4
votes

I'm using Cassandra to store historical data. It's a collection of various objects that change it's value in time.

Column Family: Object type
Row: Object Id
Column Name: Timestamp
Column Value: Value at given time

At some time, the data becomes 'old' and instead of deleting it I want to store it somewhere else (like another Column family) or 'tag' in some way not to be retrieved along with the rest of the data.

Which is the fastest way to do this? At the moment I'm using Hector to do this:
1.Read the data (Using SliceQuery)
2.Write the data in antoher column family (Using ColumnFamilyUpdater)
3.Delete old data (Also using ColumnFamilyUpdater)

Not sure if it's the best practice to do this, but i'm quite new to Cassandra...
Thanks.

1

1 Answers

2
votes

Your data will not only take place on HDD, but it will also consume JVM Heap because row bloom filters are always read on start-up - it's important to remember that.

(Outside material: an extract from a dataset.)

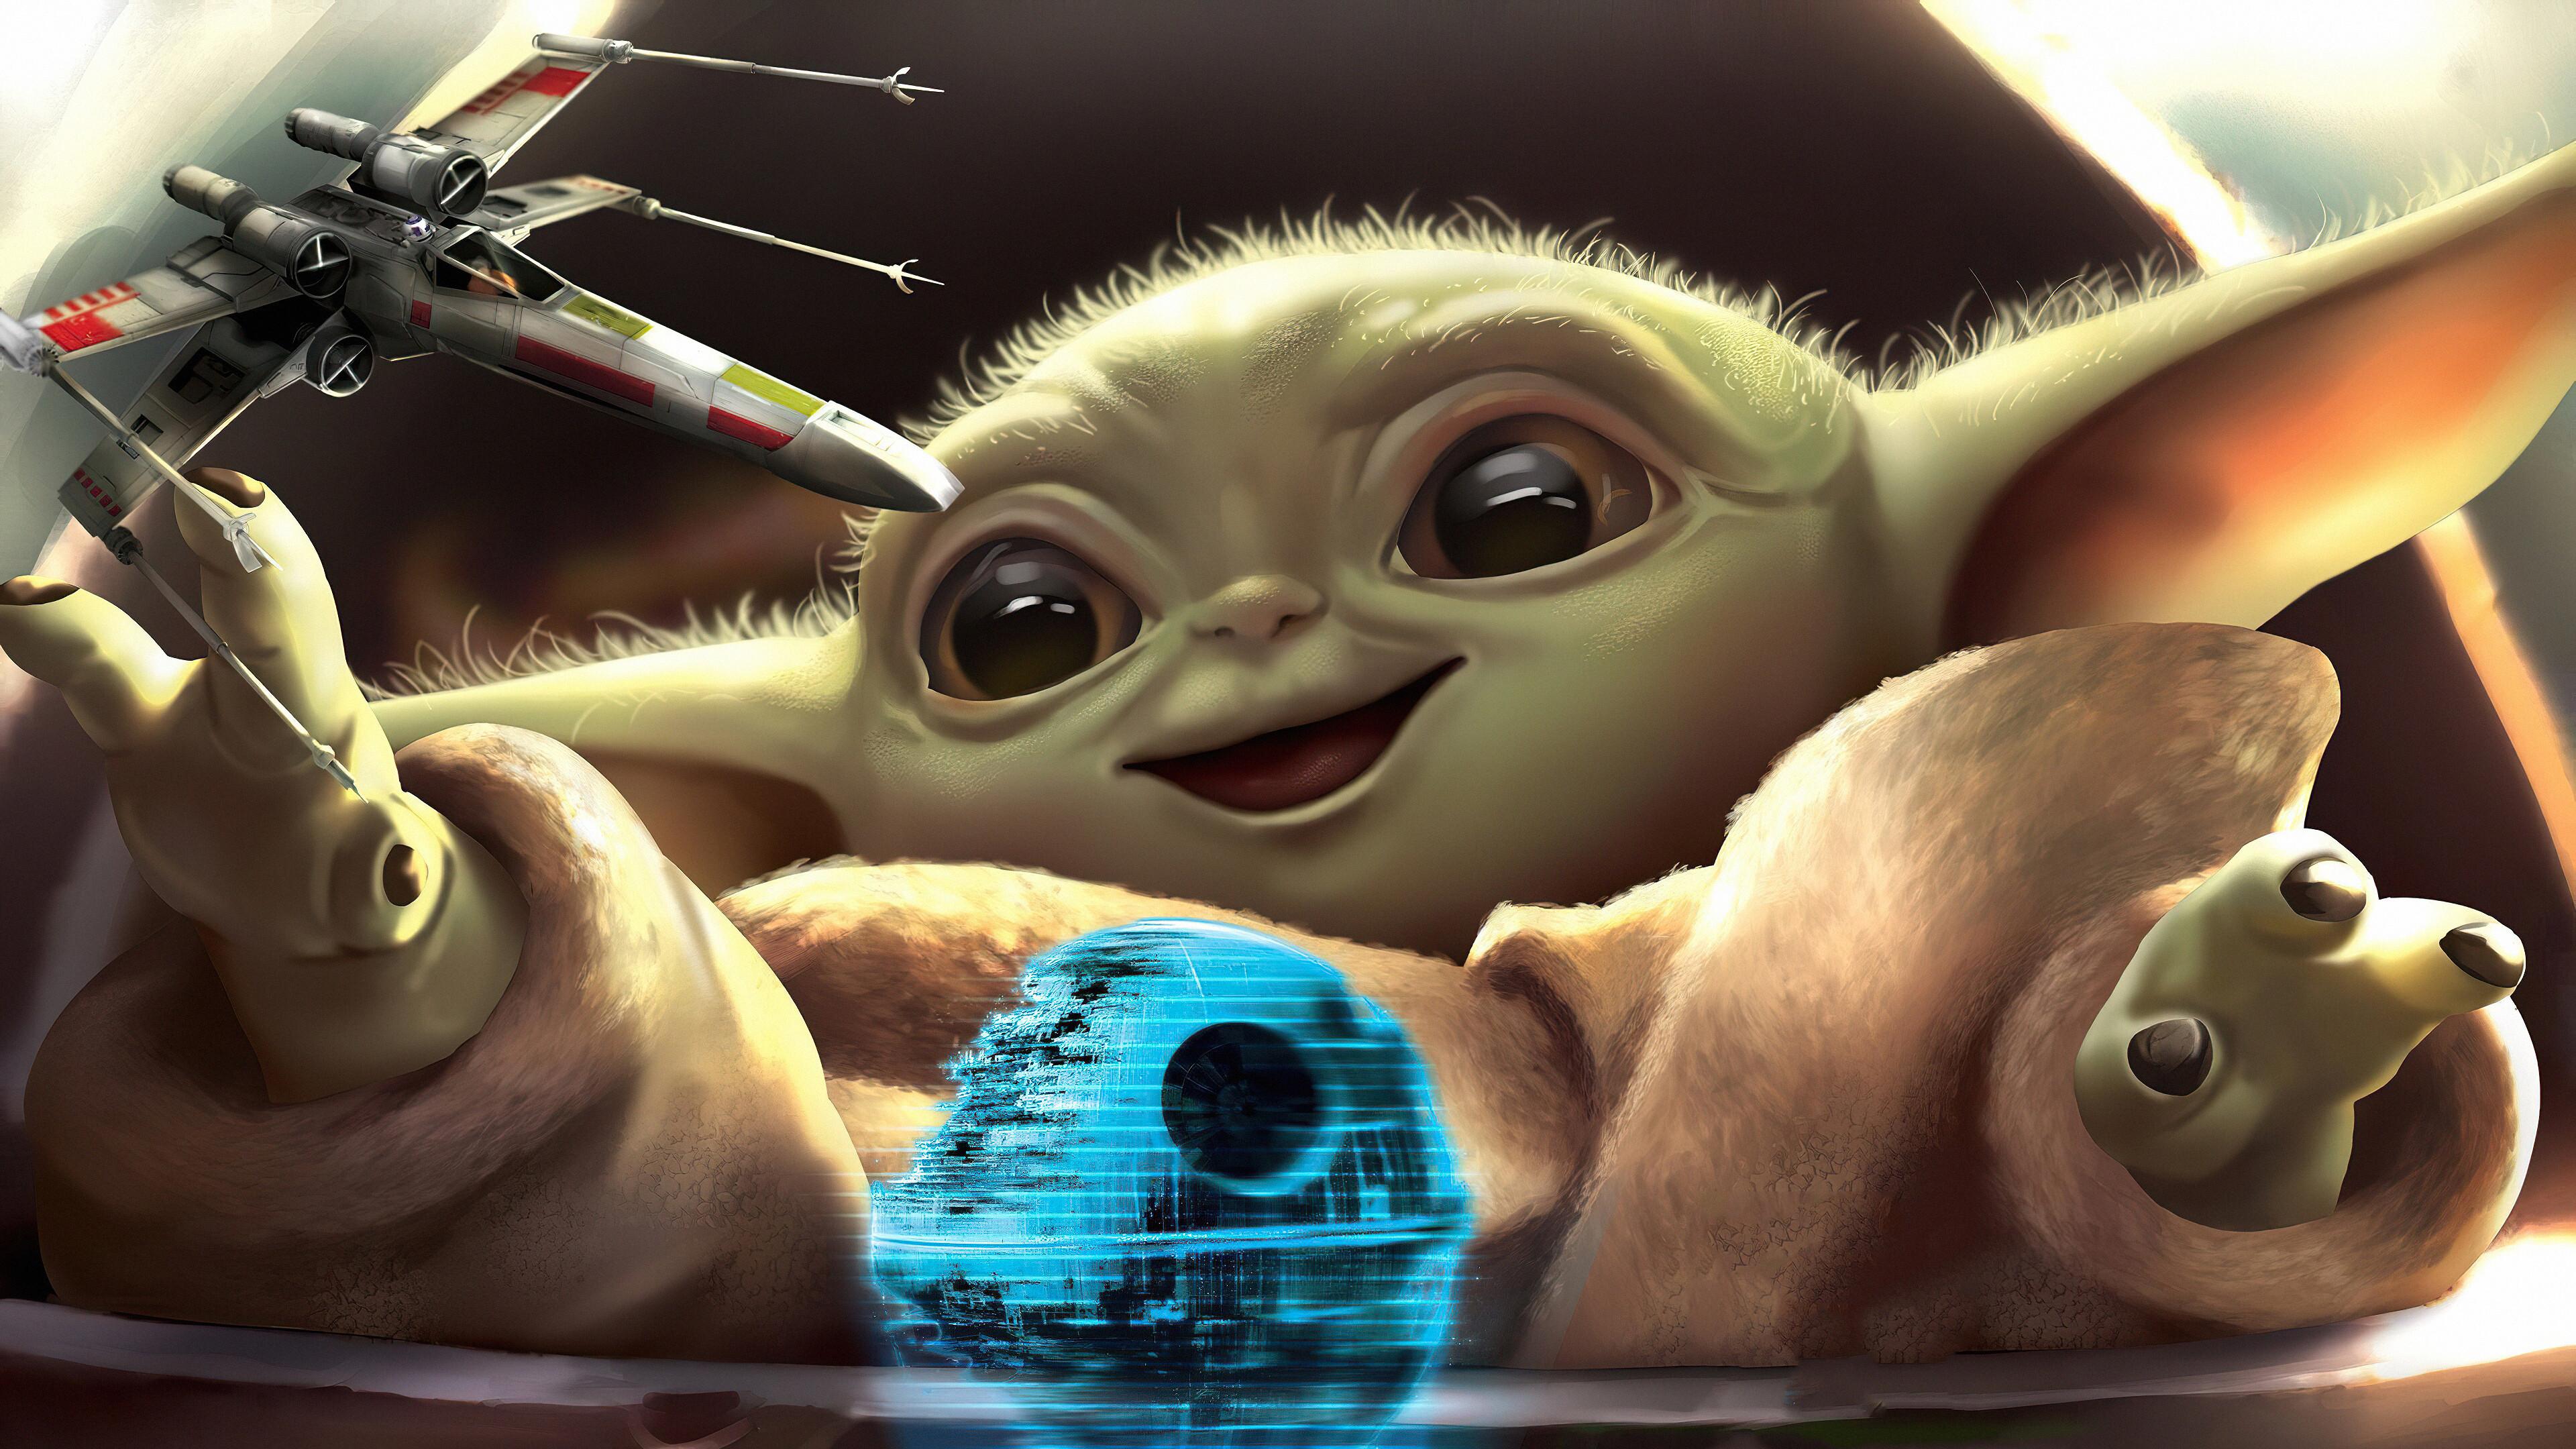 Star Wars Baby Yoda 2992849 Hd Wallpaper Backgrounds Download

Your solution is fine - you need to read this data and move it somewhere else. Now there are two options:

  1. Generate reverse index, so that you can access old data in fast way.
  2. Go over all data to find old records. If you data set is divided over many Cassandra nodes consider Hadoop Map Reduce

First solution will provide fast access to old data, but each insert operation will have to update index, which still in Cassandra case is super fast.

Second solution will not require extra inserts during daily usage, but it would require full table scan when you move old data. This is perfect, if you can run such jobs in the night.